Osamu R. Watanabe Esq.

General Counsel and Secretary

Moelis & Company

399 Park Avenue, 5th Floor

New York, New York 10022

(212) 883-3800

(Name, address and telephone number, including area code, of agent for service)

 

 

Indicate by check mark whether the registrant is a large accelerated filer, an accelerated filer, a non-accelerated filer, or a smaller reporting company.
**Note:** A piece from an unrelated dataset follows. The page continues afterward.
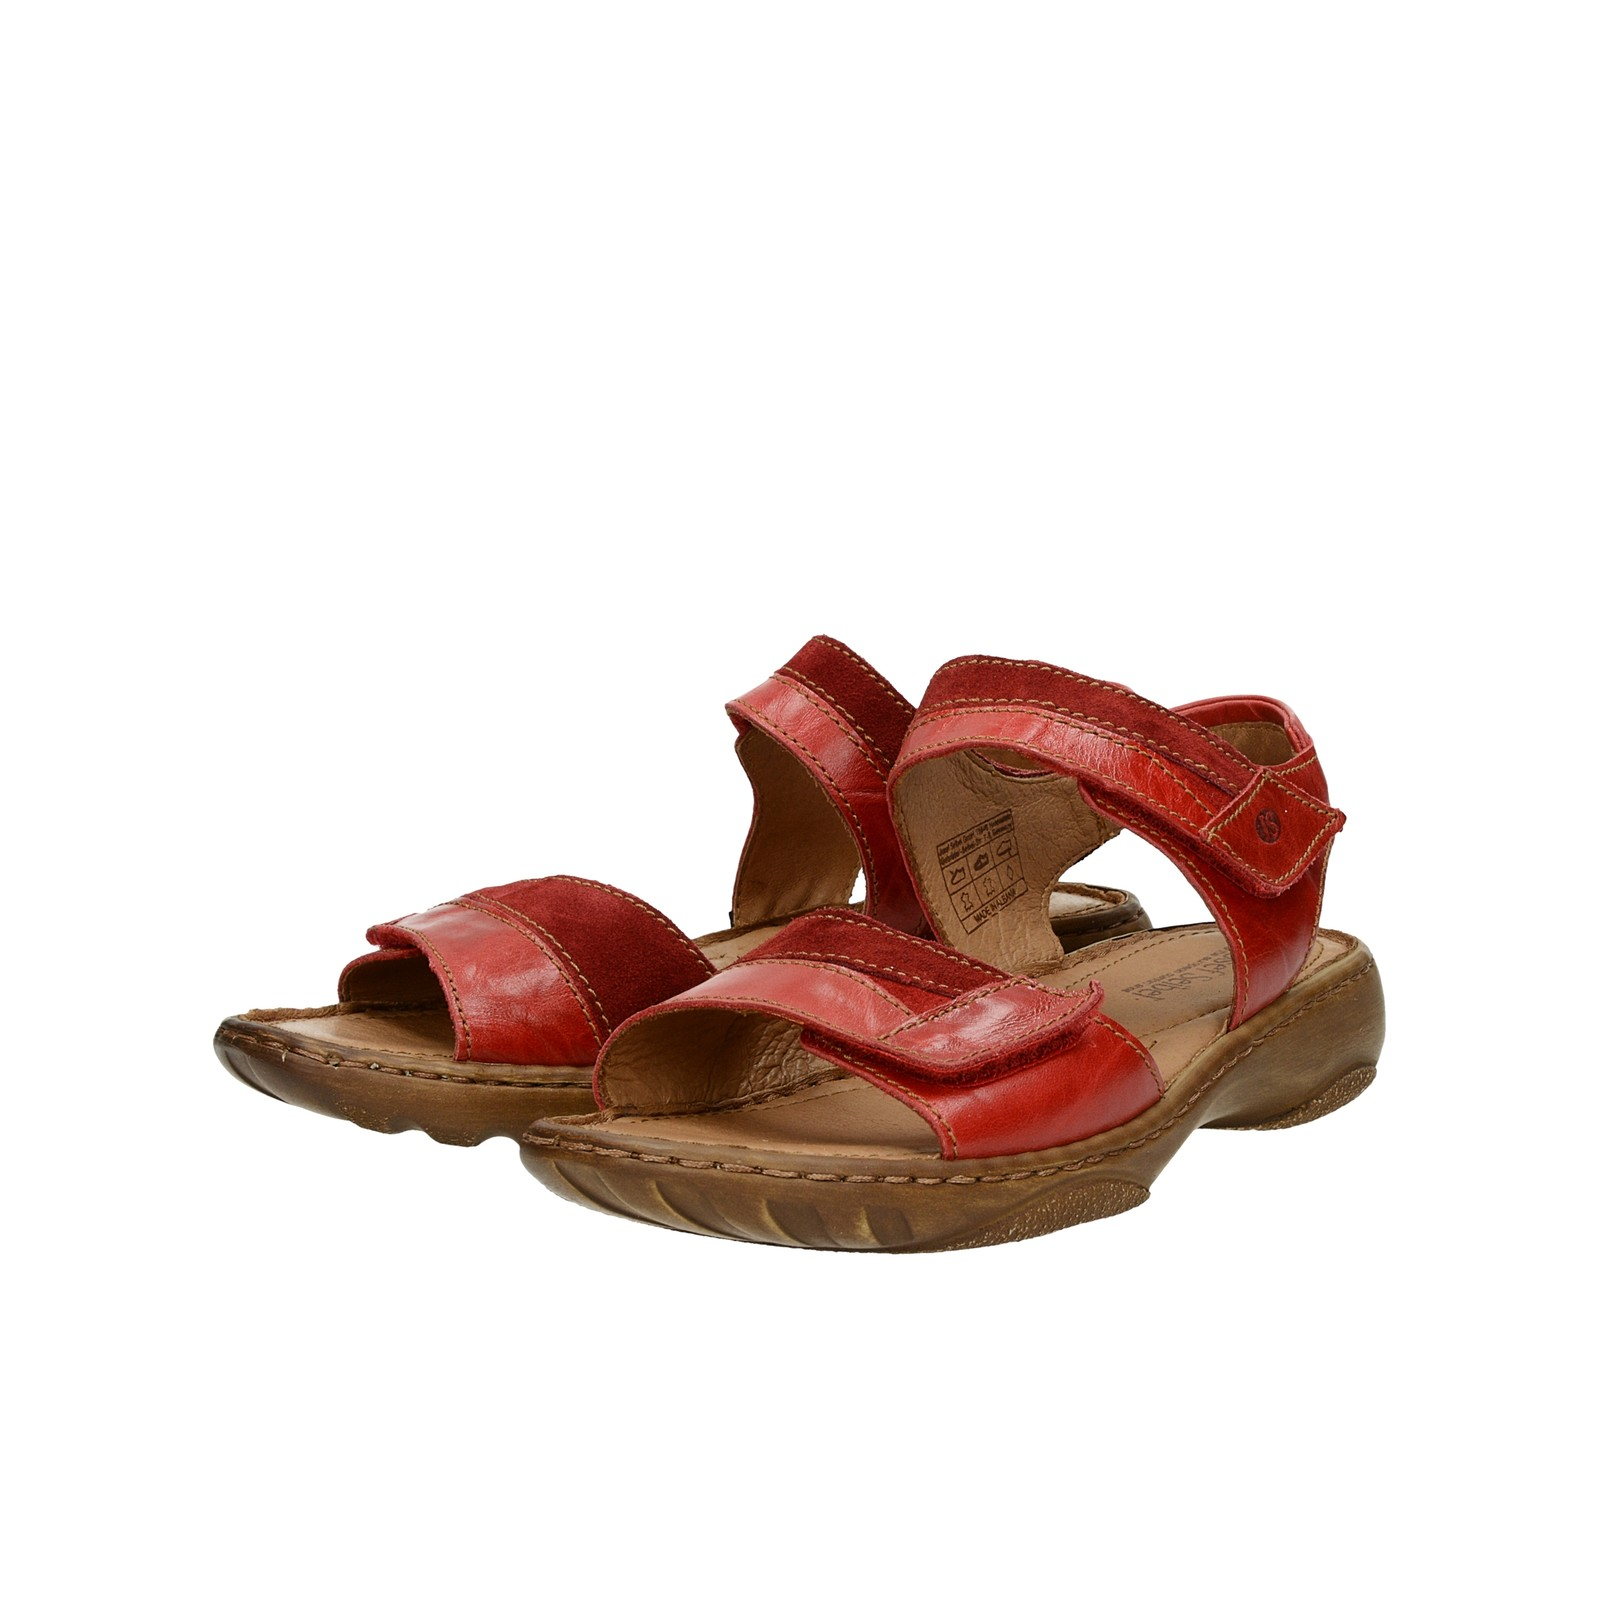 c44d5dc44eca ... Josef Seibel dámske kožené sandále - červené ...

See the definitions of “large accelerated filer,” “accelerated filer,” “smaller reporting company” and “emerging growth company” in Rule 12b-2 of the Exchange Act.

 

Large accelerated filer      Accelerated filer  
Non-accelerated filer      Smaller reporting company  
     Emerging growth company  

If an emerging growth company, indicate by check mark if the registrant has elected not to use the extended transition period for complying with any new or revised financial accounting standards provided pursuant to Section 7(a)(2)(B) of the Securities Act.  ☐

 

 

CALCULATION OF REGISTRATION FEE

 

 

Title of securities
to be registered
 

Amount

to be

registered(1)

 

Proposed

maximum

offering price

per share

 

Proposed

maximum

aggregate

offering price

 

Amount of

registration fee

Class A common stock, par value $0.01 per share

  3,582,090   $45.19(2)   $ 161,874,647.00   $ 19,619.21

 

 

(1)

This registration statement covers (i) 3,582,090 shares of Class A common stock, par value $0.01, of the Company (“Class A Common Stock”) that may be issued under the Moelis & Company 2014 Omnibus Incentive Plan (the “Plan”) and (ii) pursuant to Rule 416(a) under the Securities Act of 1933, as amended (the “Securities Act”), an indeterminate number of additional shares that may become issuable under the terms of the Plan by reason of any share split, share dividend, recapitalization or other similar transaction effected without the Company’s receipt of consideration which results in an increase in the number of the outstanding shares of Class A Common Stock.

(2)

Calculated pursuant to Rule 457(h)(1) and Rule 457(c) under the Securities Act based on a price of $45.19 per share, which is the average of the high and low price per share as reported by The New York Stock Exchange on February 25, 2019.

 

 

 


EXPLANATORY NOTE

This Registration Statement on Form S-8 is being filed for the purpose of registering an additional 3,582,090 shares of Class A common stock, par value $ 0.01 per share (the “Class A Common Stock”), of Moelis & Company (the “Company”) reserved for issuance under the Moelis & Company 2014 Omnibus Incentive Plan (the “Plan”). These shares of Class A Common Stock are additional securities of the same class as other securities for which a registration statement (File No. 333-197955) on Form S-8 was filed with the Securities and Exchange Commission (the “SEC”) on August 8, 2014, a registration statement (File No. 333-202355) on Form S-8 was filed with the SEC on February 27, 2015, a registration statement (File No. 333-210179) on Form S-8 was filed with the SEC on March 13, 2016, a registration statement (File No. 333-216339) on Form S-8 was filed with the SEC on February 28, 2017, a registration statement (File No. 333-223323) on Form S-8 was filed with the SEC on February 28, 2018. These additional shares of Class A Common Stock have become reserved for issuance as a result of the operation of the “evergreen” provision of the Plan, which provides that the total number of shares reserved for issuance under the Plan will be increased on the first day of each fiscal year pursuant to a specified formula.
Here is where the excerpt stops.